Uçak düşürme krizinin ardından Türk iş adamlarını ülkeden çıkartan Rusya, Kırım'da irşad faaliyetlerinde bulunduğu belirtilen bir imamı da sınır dışı etti. Diyanet İşleri Başkanlığı tarafından Kırım'a atanan imam Hikmet Yuvacı, uçak krizinin ardından Rus istihbarat polisleri tarafından ofisinin basılarak pasaportuna el konulduğunu ve kendisine bir çok sıkıntı çıkartıldığını söyledi. Kendisinin siyasetle, politikayla ilgisinin olmadığını belirten Yuvacı, sınır dışı edilmeyi kabullenemediğini aktardı.

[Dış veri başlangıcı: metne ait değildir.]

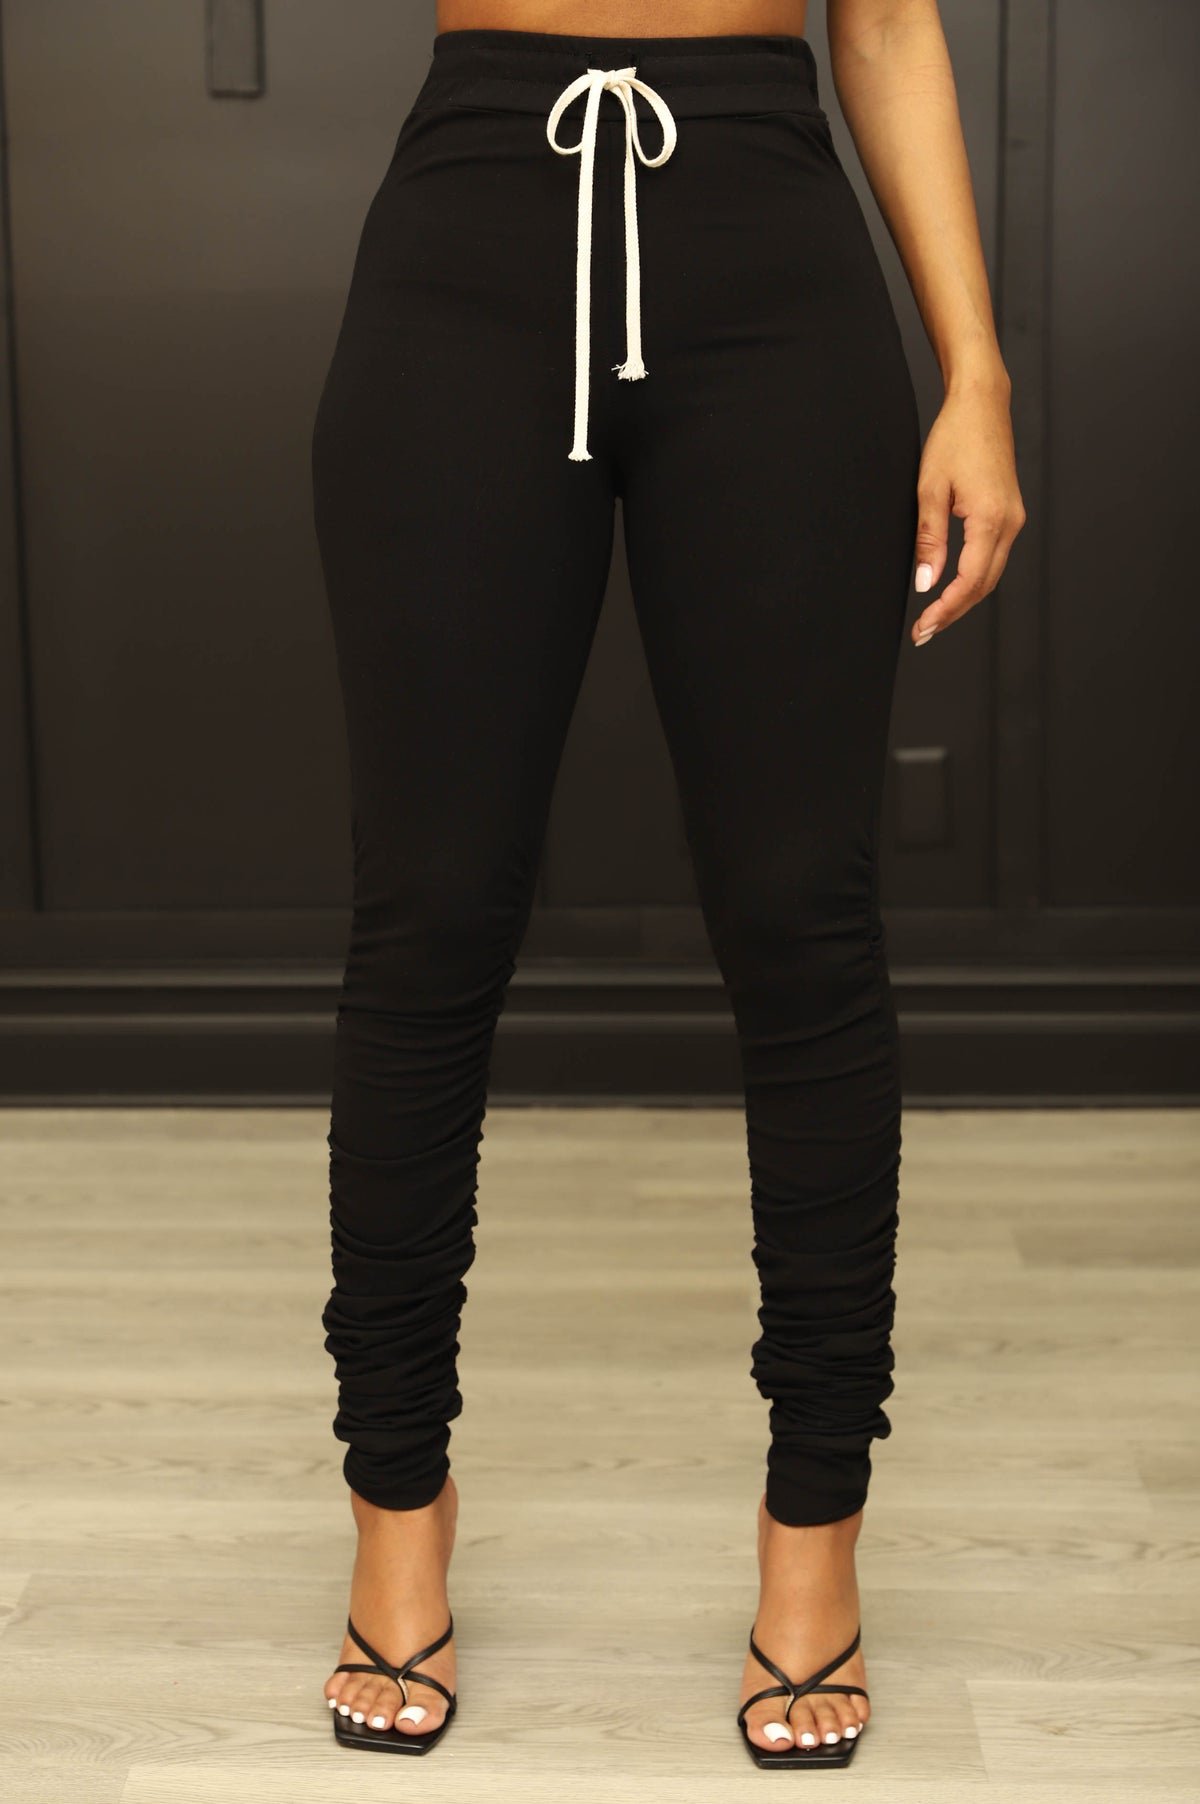 
              Now Or Never Ruched Leggings - Black - Swank A Posh

Memleketi Denizli'de yaptığı açıklamada, 2008-2013 yılları arasında St. Petersburg ve Kırım Bölgesi'ne din görevlisi olarak atandığını anlatan Hikmet Yuvacı, "2015'in baharında koordinatör olarak Kırım'a devlet yetkilisi olarak atandım. Oradaki soydaşlarımıza hizmet götürmek için... Şu son yaşanan uçak krizinden sonra oradaki Rus yetkililer bize sıkıntı çıkararak soydaşlarımıza olan hizmetlerimizi engellemek istediler. Çeşitli entrikalarla bizi sınır dışı etmeye çalıştılar ve muvaffak oldular. Ülkemize geldik ama gönlümüz yine oradaki ecdad yadigarı Kırım'daki din kardeşlerimizle beraberdir. İnşallah yollar açılır, imkanlar ölçüsünde tekrar oradaki soydaşlarımıza hizmet etmek için oraya gidebiliriz." dedi.
Rus uçağının düşürülmesinin ardından Rusya'nın Türk görevlileri ve iş adamları ile orada yaşayan Türk vatandaşları sınır dışı etmek için elinden geleni yaptığını belirten Yuvacı, "Bizim niyetimiz, devletimiz, milletimiz adına, orada bulunan Müslümanlara, soydaşlarımıza hizmet etmek. Zaten oradaki varlığımız şeffaf bir şekilde Rus yetkililer tarafından bilinmekteydi. Ama yine de politik bir netice karşısında bizi sınır dışı ettiler." diye konuştu.
'SİYASETLE İLGİMİZ YOK, BİZ DİN ADAMIYIZ'
Kırım'da imamlığın ardından koordinatör olarak görev yaptığını vurgulayan Yuvacı, şunları anlattı: "Biz din adamıyız, siyasetle, politikayla bir ilgimiz yok. Sadece orada yaşayan soydaşlarımıza dini, kültürel edebi yönden hizmet götürebilmek için, devletimizin imkanını oradaki kardeşlerimize ulaştırmaktı. İki devlet arasındaki uçak krizinden sonra oradaki soydaşlarımız bizim sınır dışı edilmemizi doğru bulmadılar. Her zaman kalpleri, gönülleri Türkiye'den yana. Biz geçmişi kökleri maziye dayanan bir milletiz. Ecdat yadigarı topraklardır. Biz orada vatandaşlarımızı, soydaşlarımızı unutmamak için, hizmet adına var olduk. Biz din adamlarına yapılan bu kötü, mağdur edici durumu kabullenemiyoruz kabullenmek istemiyoruz." şeklinde konuştu.
Uçak düşürmenin hemen ardından bürolarını 12-13 Rus istihbarat polisinin bastığını anlatan Yuvacı, "Bize sıkıntılar çıkardılar. Pasaportuma el koydular. Bir hafta pasaportumu alamadım. Daha sonra çeşitli yollarla pasaportumu almayı başardım. Daha sonra mahkemeye çıkararak sınır dışı etmek için bir karar verdiler." ifadelerini kullandı.